Munna found a temporary solution. She continued her education in night school, which allowed her to defer debt payments. Thus, her loan balance kept compounding upward each month, debt rolling on top of debt. At her hourly earnings at that time, there was no way she would ever race against compounding interest to pay down the debt. At twenty-six, at the outset of her adult life, Munna found herself in a massive financial hole, one that could mar her financial prospects for much of her life—and there was no obvious way for her to get out.

I learned about Munna’s story from clicking on a link on the New York Times site, which read “Another Debt Crisis Is Brewing, This One in Student Loans.” The link led to an article by Ron Lieber entitled “Placing the Blame as Students Are Buried in Debt.” The basic premise of the article is the reasonable judgment that, when many people are getting into $100,000 of unsecured debt at the outset of their adult lives, with no easy way to get out relative to their salaries, something has gone terribly wrong. The article sleuths through the story of Munna and essentially asks, “Who’s to blame for this mess?” Her parents? The loan providers? The schools? The students who take out the loans?

In a follow-up to the story, Munna states: “I openly acknowledge my responsibility for my current situation, as well as the naïveté in my estimation of the return on investment of a ‘high quality’ education and a liberal arts degree.”1 This is an honorable acceptance of accountability, and it is fair enough; no one held a gun to Munna’s head, forcing her to take those loans out.

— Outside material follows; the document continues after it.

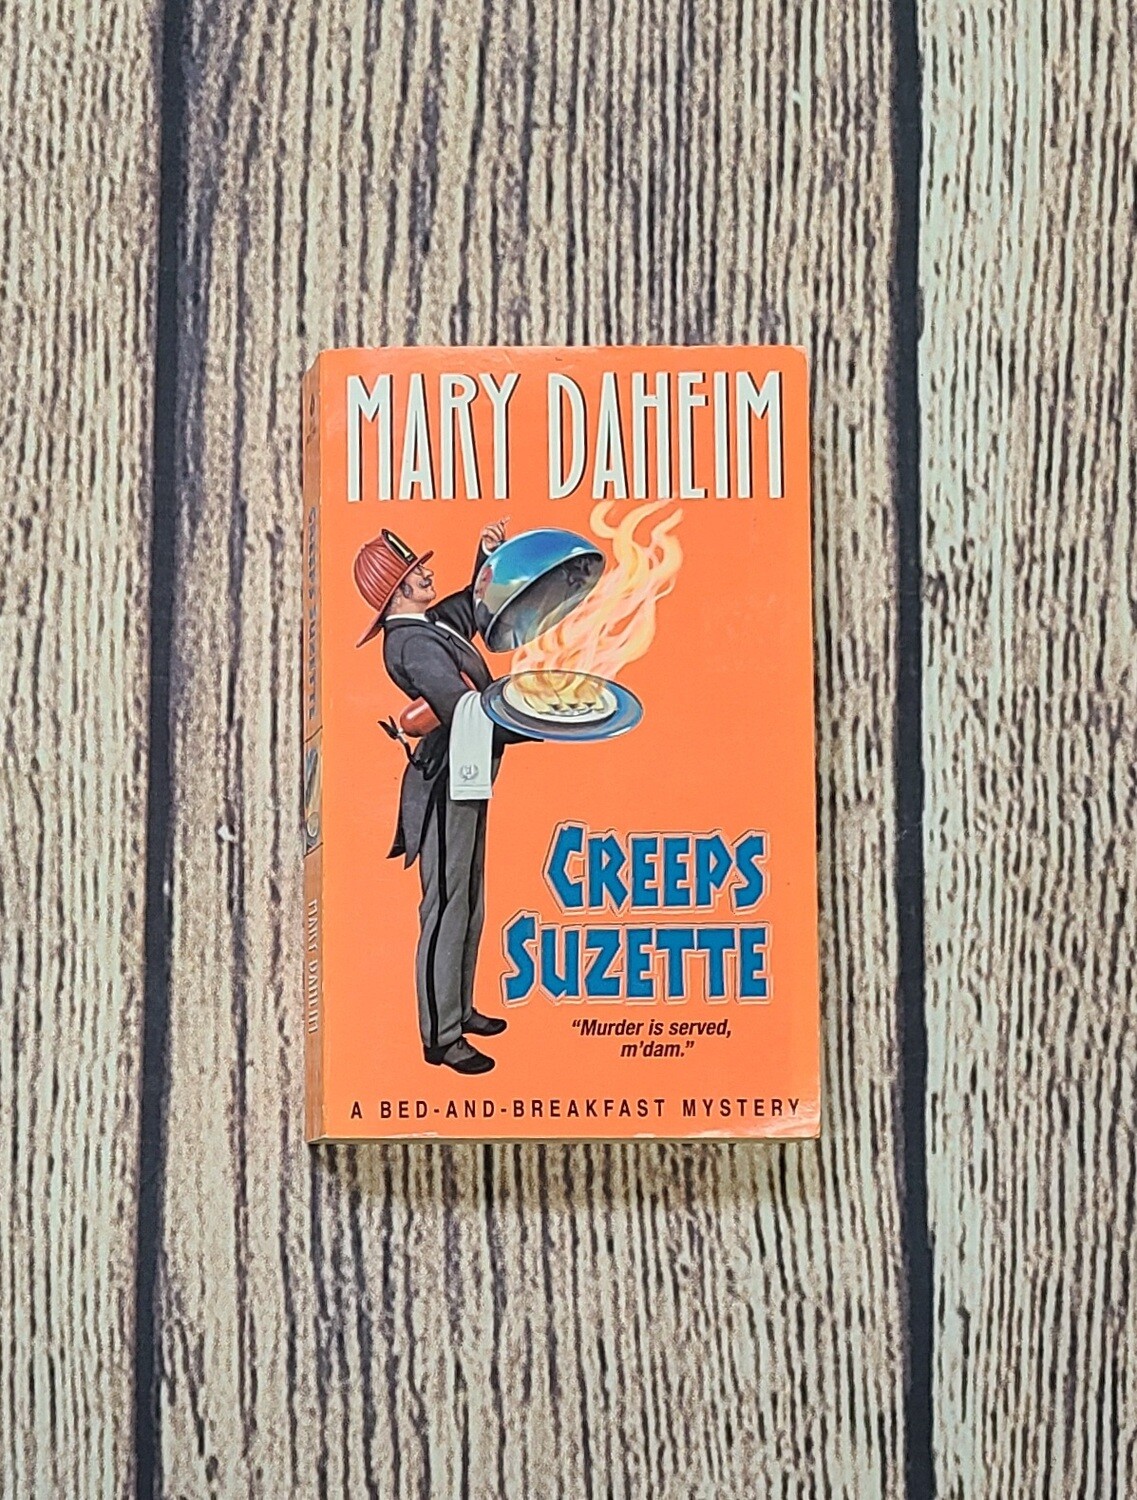 Creeps Suzette by Mary Daheim

Yet simply painting the story as a picture of an adult making poor choices, and who must live with those choices for the rest of her life, seems to me to miss something important. After all, when Munna was originally taking out the loans as she entered college, she was seventeen, at the very cusp of adulthood, not yet old enough to vote, join the military, or legally buy a pack of cigarettes or a beer, or to be tried as an adult in court. Culturally and legally, we acknowledge that people under eighteen should enjoy some amount of protection from the long-term consequences of their decisions.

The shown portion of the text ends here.